DrumGAN: Synthesis of Drum Sounds With Timbral Feature Conditioning Using Generative Adversarial Networks

This repo contains code for running DrumGAN, a Generative Adversarial Network that synthesizes drum sounds offering control over prcetpual features. You can find details about the specific architecture and the experiment in our ISMIR paper. Some of the codes are borrowed from Facebook's GAN zoo repo.

Notes

THIS REPO IS NOT UP TO DATE YET! Please, come back later. Sorry for the inconvenience.

Install

Install requirements:

pip install -r requirements.txt

In order to compute the Fréchet Audio Distance (FAD) download and install google AI repo following the instructions here

The dataset

We train our model on a private, non-publicly available dataset containing 300k sounds of drum sounds equally distributed across kicks, snares and cymbals.

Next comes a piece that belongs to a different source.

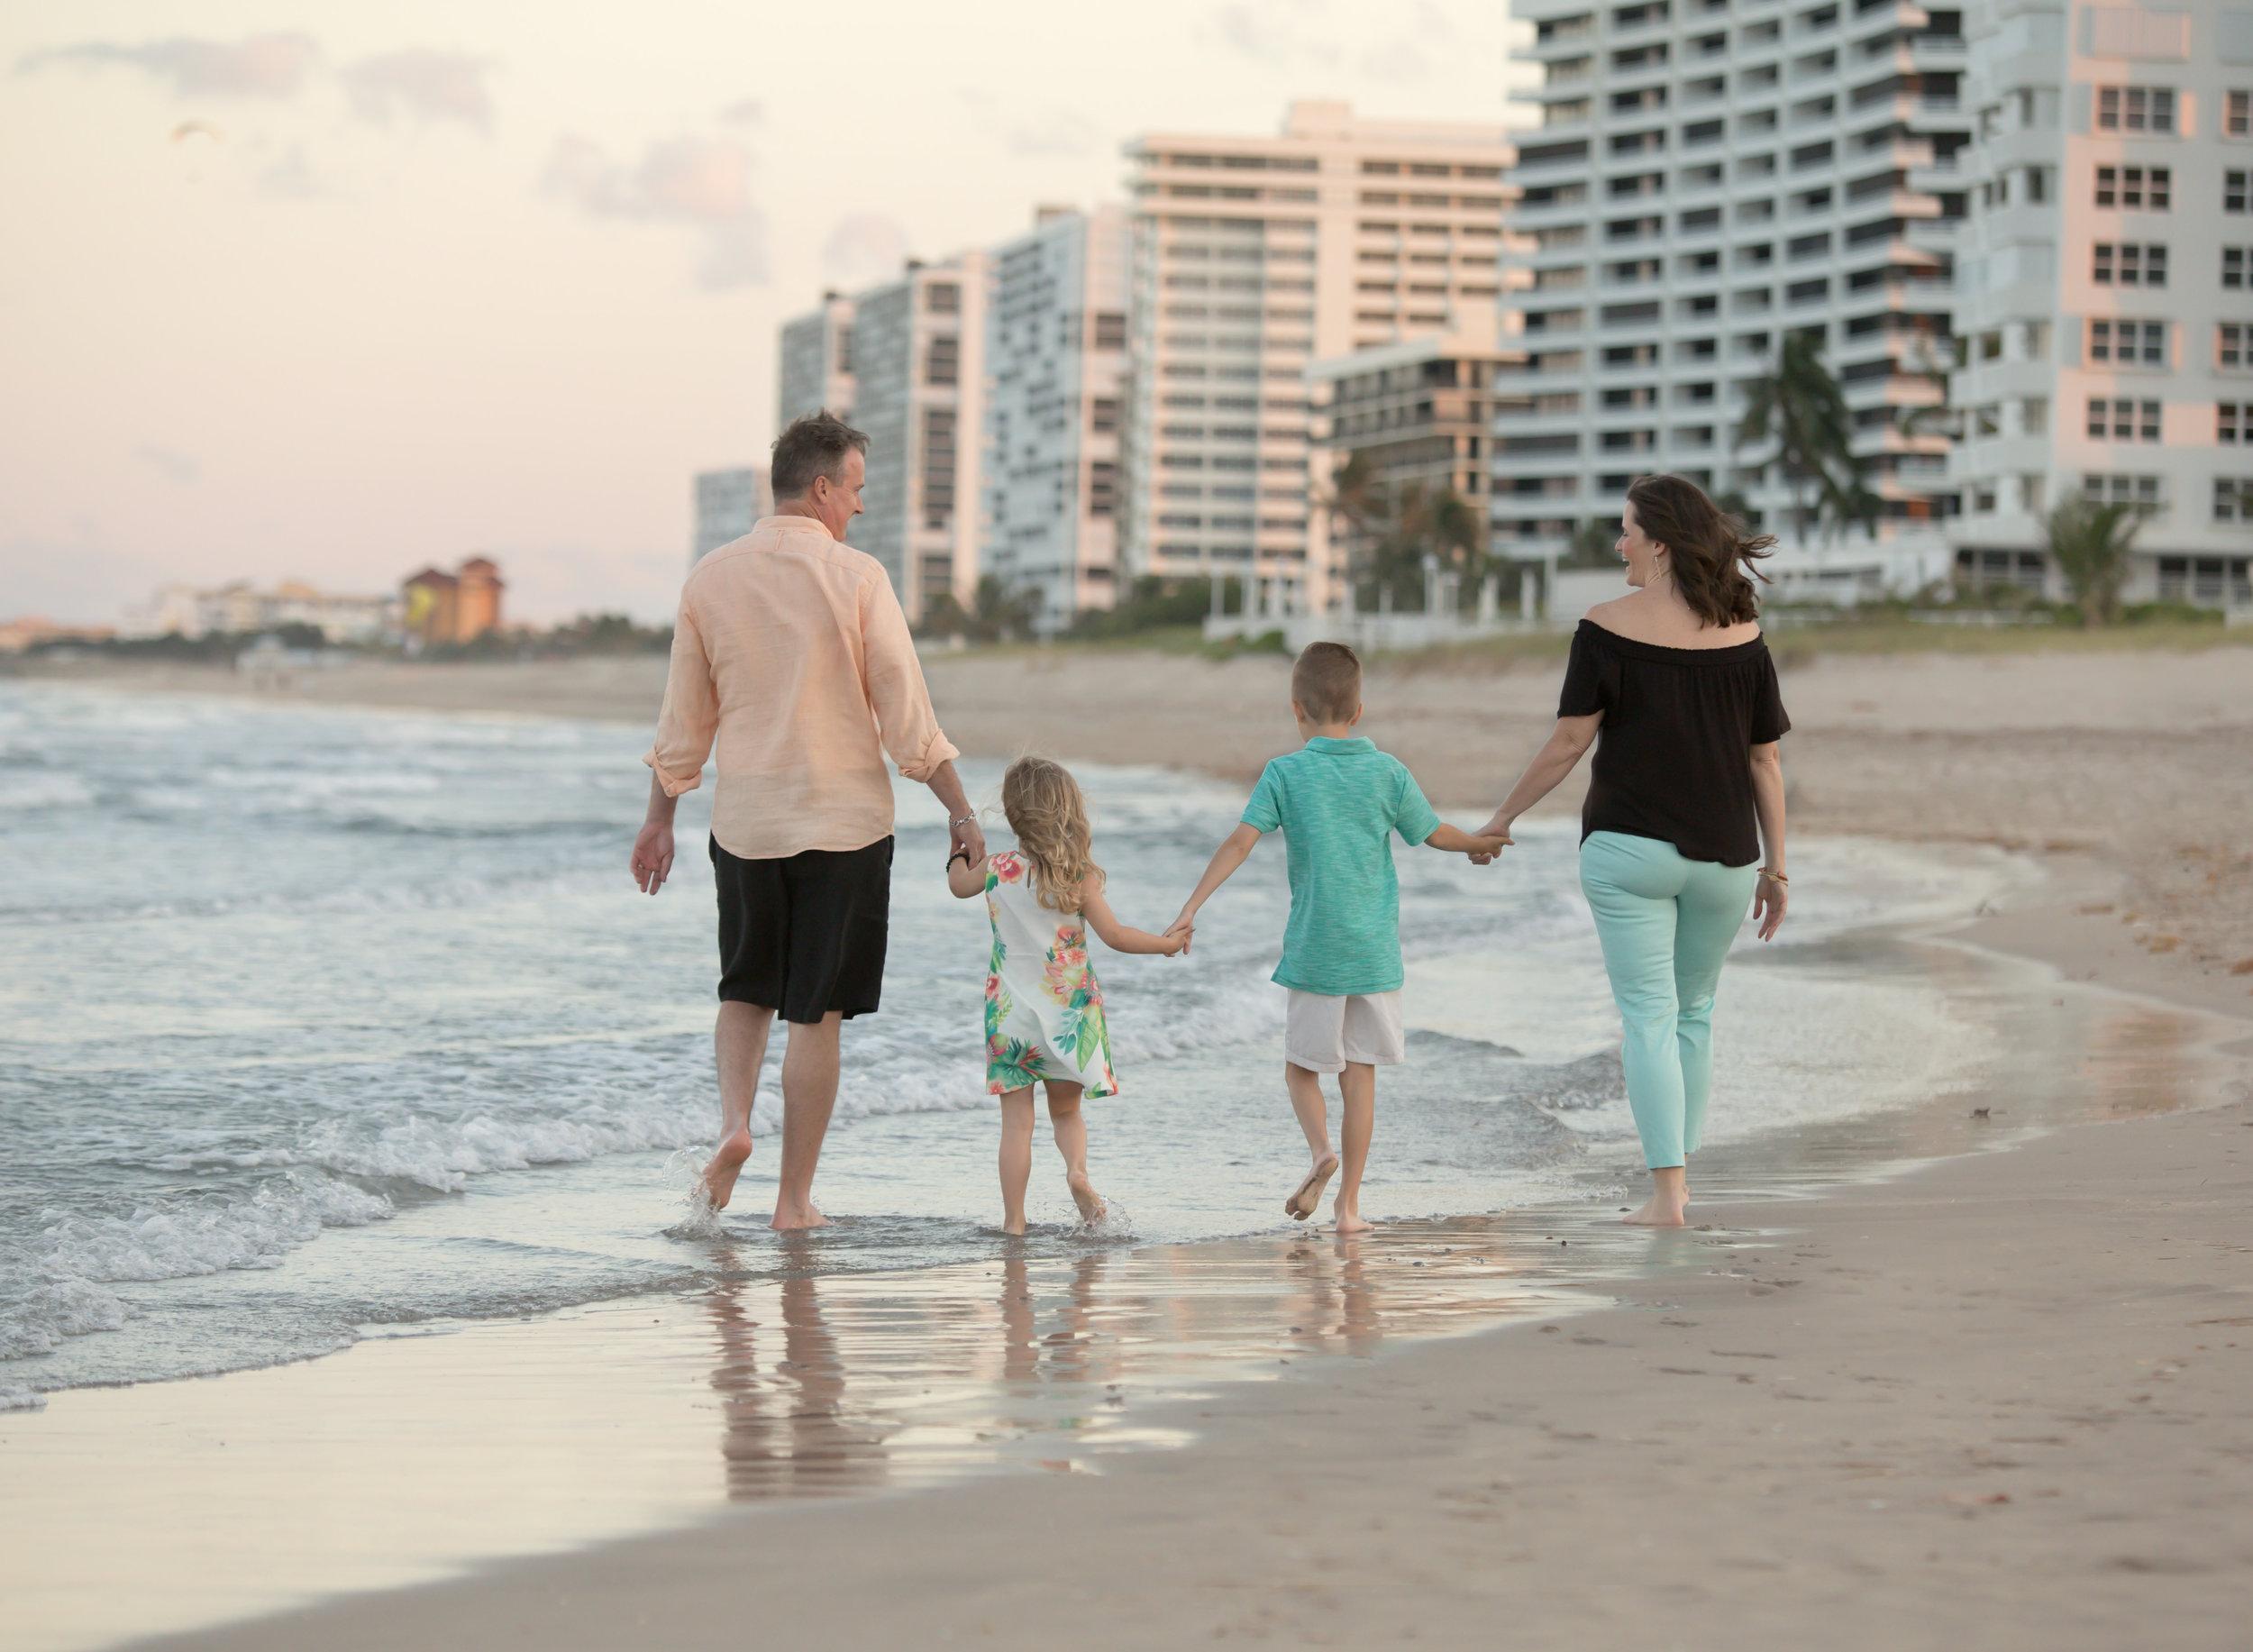 boca-raton-child-photographer-parkland-family-photographer-coral-springs-wellington-lake-worth-boynton-lantana-alissa-delucca-photography-family-beach-walk.jpg

This repo contains code for training a model on your own data. You will have to create a data loader, specific to the structure of your own dataset.

Training a new model

Train a new model from the module's root folder by executing:

python train.py $ARCH -c $PATH/TO/CONFIG/FILE

Available architectures:

PGAN

Example of config file:

The experiments are defined in a configuration file with JSON format.

{
    "name": "mag-if_test_config",
    "comments": "dummy configuration",
    "output_path": "/path/to/output/folder",
    "loader_config": {
        "dbname": "nsynth",
        "data_path": "/path/to/nsynth/audio/folder",
        "attribute_file": "/path/to/nsynth/examples.json",
        "filter_attributes": {
            "instrument_family_str": ["brass", "guitar", "mallet", "keyboard"],
            "instrument_source_str": ["acoustic"]
        },
        "shuffle": true,
        "attributes": ["pitch", "instrument_family_str"],
        "balance_att": "instrument_family_str",
        "pitch_range": [44, 70],
        "load_metadata": true,
        "size": 1000
    },
        
    "transform_config": {
        "transform": "specgrams",
        "fade_out": true,
        "fft_size": 1024,
        "win_size": 1024,
        "n_frames": 64,
        "hop_size": 256,
        "log": true,
        "ifreq": true,
        "sample_rate": 16000,
        "audio_length": 16000
    },
    "model_config": {
        "formatLayerType": "default",
        "ac_gan": true,
        "downSamplingFactor": [
            [16, 16],
            [8, 8],
            [4, 4],
            [2, 2],
            [1, 1]
        ],
        "maxIterAtScale": [
            50,
            50,
            50,
            50,
            50
        ],
        "alphaJumpMode": "linear",
        "alphaNJumps": [
            600,
            600,
            600,
            600,
            1200
        ],
        "alphaSizeJumps": [
            32,
            32,
            32,
            32,
            32
        ],
        "transposed": false,
        "depthScales": [
            5,
            5,
            5,
            5,
            5
        ],
        "miniBatchSize": [
            2,
            2,
            2,
            2,
            2
        ],
        "dimLatentVector": 2,
        "perChannelNormalization": true,
        "lossMode": "WGANGP",
        "lambdaGP": 10.0,
        "leakyness": 0.02,
        "miniBatchStdDev": true,
        "baseLearningRate": 0.0006,
        "dimOutput": 1,
        "weightConditionG": 10.0,
        "weightConditionD": 10.0,
        "attribKeysOrder": {
            "pitch": 0,
            "instrument_family": 1
        },
        "startScale": 0,
        "skipAttDfake": []
    }
}

Evaluation

You can run the evaluation metrics described in the paper: Inception Score (IS), Kernel Inception Distance (KID), and the Fréchet Audio Distance (FAD).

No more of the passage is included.